Question

For the values give for ΔH and ΔS, calculate ΔG foreach for each of the following reactions at 298 K. If the reactionis not spontaneous under standard conditions at 298 K, at whattemperature (if any) would the reaction become spontaneous?

a) 2PbS(s)+3O₂(g) ---> 2PbO(s)+2SO₂(g)
ΔH= -844kj ; ΔS = -165 J/K

b)2POCl₃(g)--->2PCl₃(g)+O₂(g)
ΔH= 572kJ ; ΔS= 179 J/K

Answer 1

Concepts and reason

Gibb’s free energy $\left( {\Delta G} \right)$ is a thermodynamic quantity which gives the maximum reversible work at constant temperature and pressure.

It is also explained mathematically as,

$\Delta G = \Delta H - T\Delta S$

Where, $\Delta H$ is the change in energy and $\Delta S$ is the change in entropy.

When the sign of $\Delta G$ is negative then the reaction is spontaneous and when the sign is positive then the reaction is non-spontaneous.
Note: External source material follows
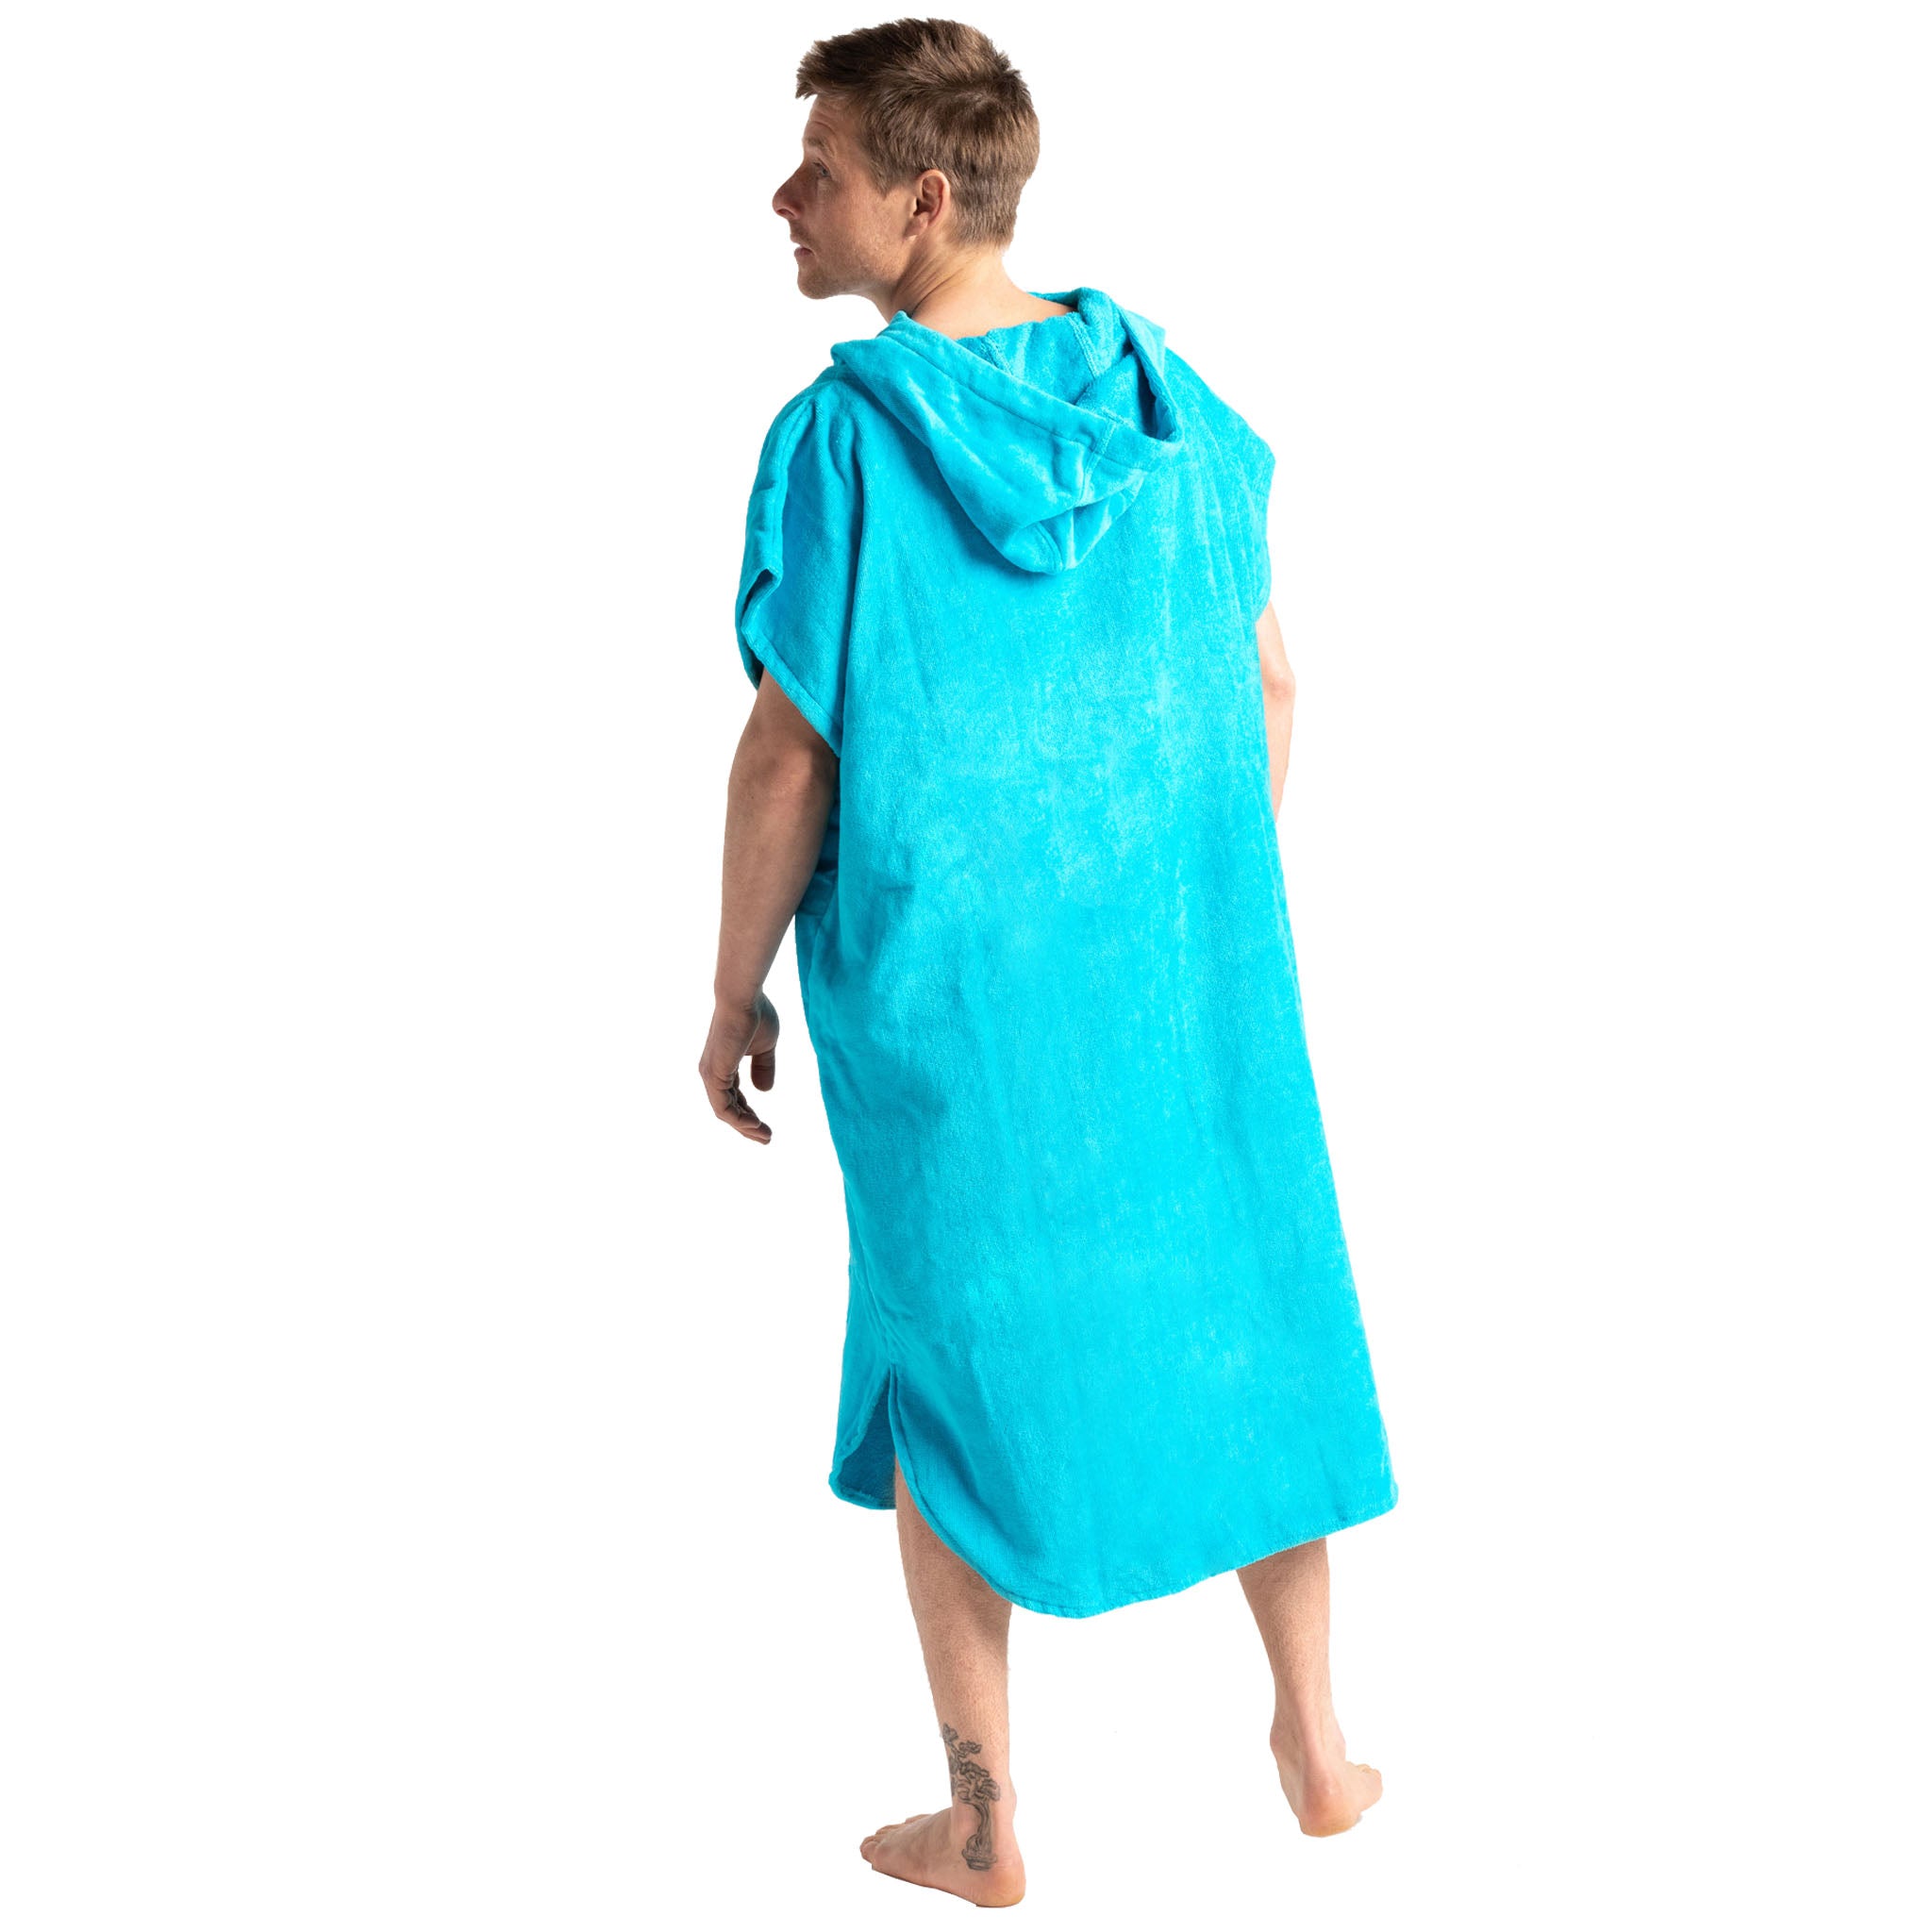 Robie Robes Original Towelling Beach Changing Robe Poncho - Blue Atoll Back

In the given question, you need to determine the value of $\Delta G$ for different reactions and then check the spontaneity of the reaction.

Fundamentals

The change in energy $\left( {\Delta H} \right)$ during phase change or during a reaction is known as Enthalpy. When energy is absorbed during reaction or phase change the sign for enthalpy is taken as positive and when energy is released during reaction or phase change the sign for enthalpy is taken as negative.
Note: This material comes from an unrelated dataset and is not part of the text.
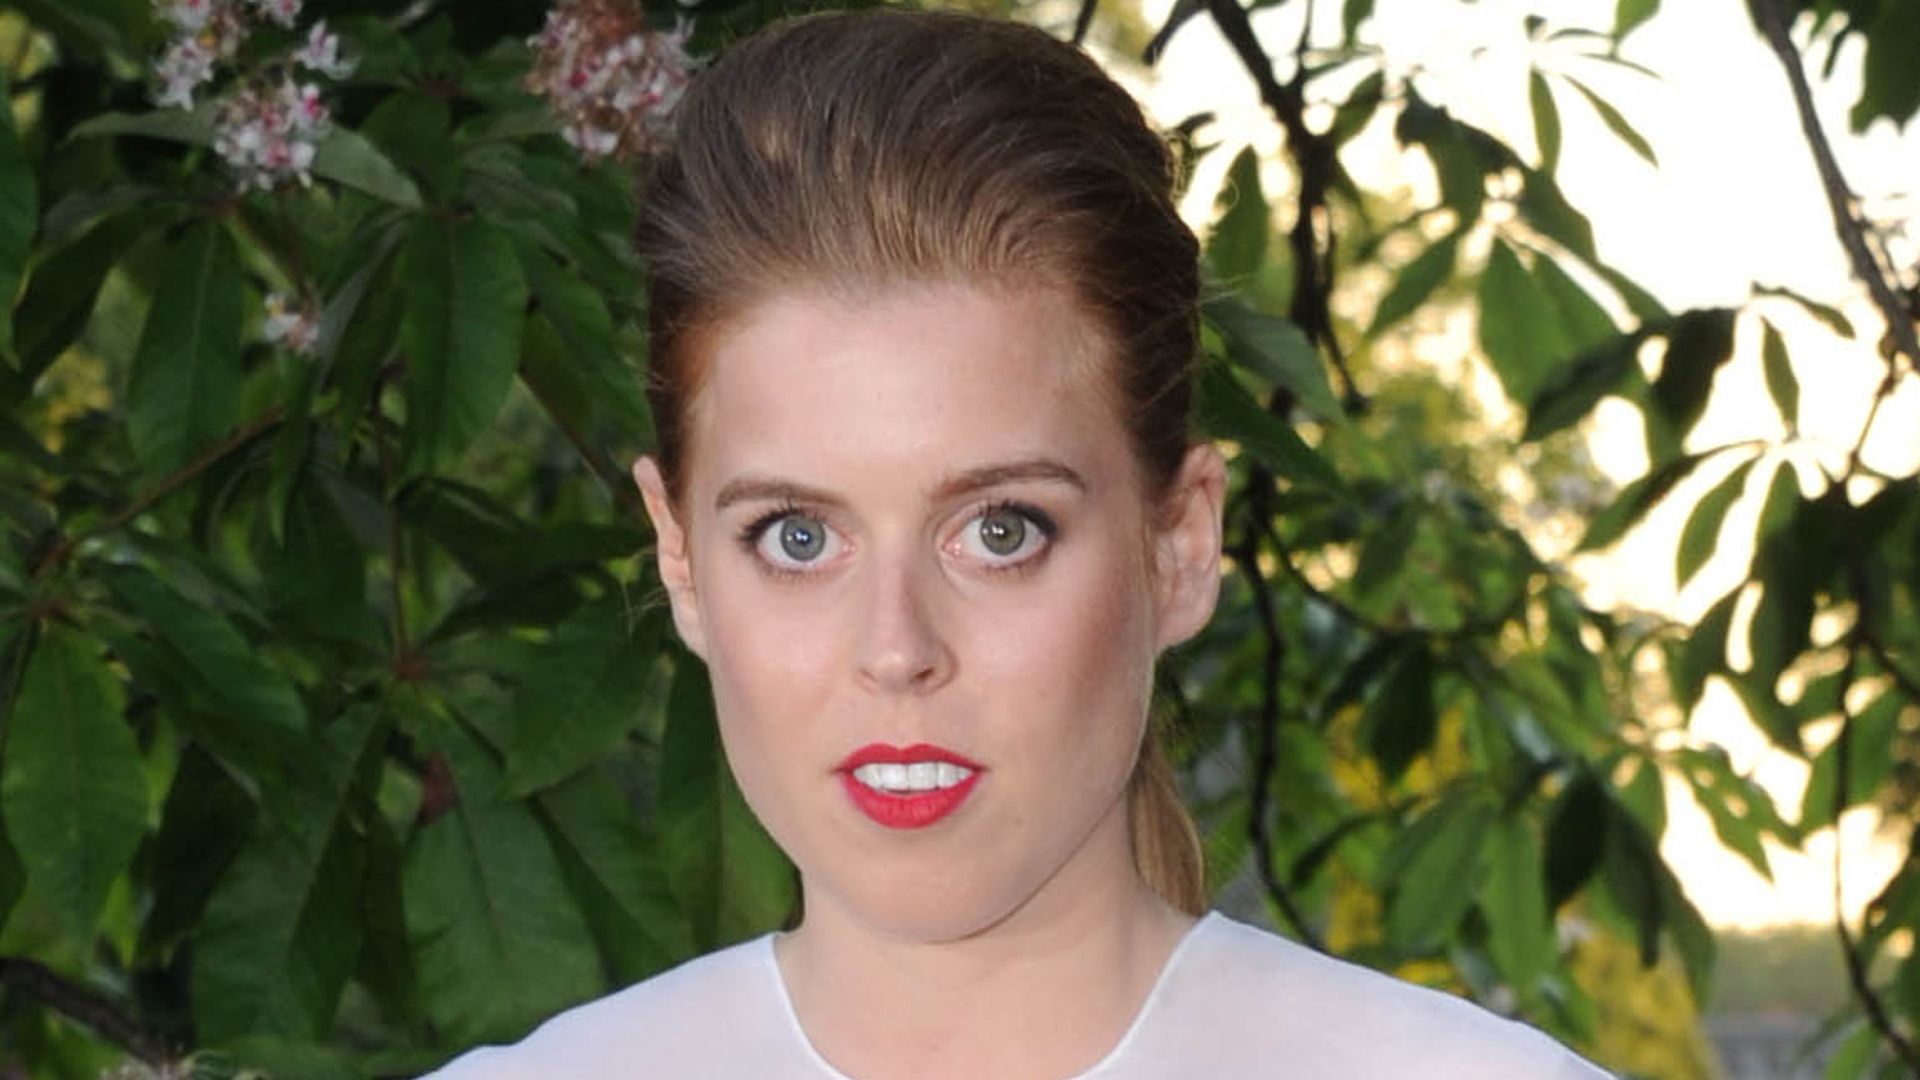 Princess Beatrice attends the annual Serpentine Galley Summer Party at The Serpentine Gallery in 2014

The change in entropy (degree of randomness, $\Delta S$ ) during phase change or during a reaction is known as Entropy. When the degree of randomness is increased, it is given a positive sign and when degree of randomness is decreased, it is given a negative sign.

a

The reaction is

${\rm{2PbS}}\left( s \right) + 3{{\rm{O}}_2}\left( g \right) \to 2{\rm{PbO}}\left( s \right) + 2{\rm{S}}{{\rm{O}}_{\rm{2}}}\left( g \right)$

The Gibb’s free energy at 298 K for the above reaction is as follows:

$\begin{array}{c}\\\Delta G = \Delta H - T\Delta S\\\\ = \left( { - 844{\rm{ kJ}}} \right) - \left( {298{\rm{ K}}} \right)\left( { - 165{\rm{ J/K}}} \right)\left( {\frac{{1{\rm{ kJ}}}}{{1000{\rm{ J}}}}} \right)\\\\ = - 794.83{\rm{ kJ}}\\\end{array}$

b

The reaction is

${\rm{2POC}}{{\rm{l}}_3}\left( g \right) \to 2{\rm{PC}}{{\rm{l}}_3}\left( g \right) + {{\rm{O}}_2}\left( g \right)$

The Gibb’s free energy at 298 K for the above reaction is as follows:

$\begin{array}{c}\\\Delta G = \Delta H - T\Delta S\\\\ = \left( {572{\rm{ kJ}}} \right) - \left( {298{\rm{ K}}} \right)\left( {179{\rm{ J/K}}} \right)\left( {\frac{{1{\rm{ kJ}}}}{{1000{\rm{ J}}}}} \right)\\\\ = 518.658{\rm{ kJ}}\\\end{array}$

The temperature at which Gibb’s free energy is negative for the above reaction is calculated as follows:

$\begin{array}{c}\\\Delta G < 0\\\\\Delta H - T\Delta S < 0\\\\\Delta H < T\Delta S\\\\\frac{{\Delta H}}{{\Delta S}} < T\\\\\frac{{572\;{\rm{kJ}}}}{{179\;{\rm{J/K}}\left( {\frac{{1\;{\rm{kJ}}}}{{1000\;{\rm{J}}}}} \right)}} < T\\\\3195.53\;{\rm{K}} < T\\\end{array}$

Ans: Part a

The Gibb’s free energy $\left( {\Delta G} \right)$ for the reaction is negative, therefore, the reaction is spontaneous.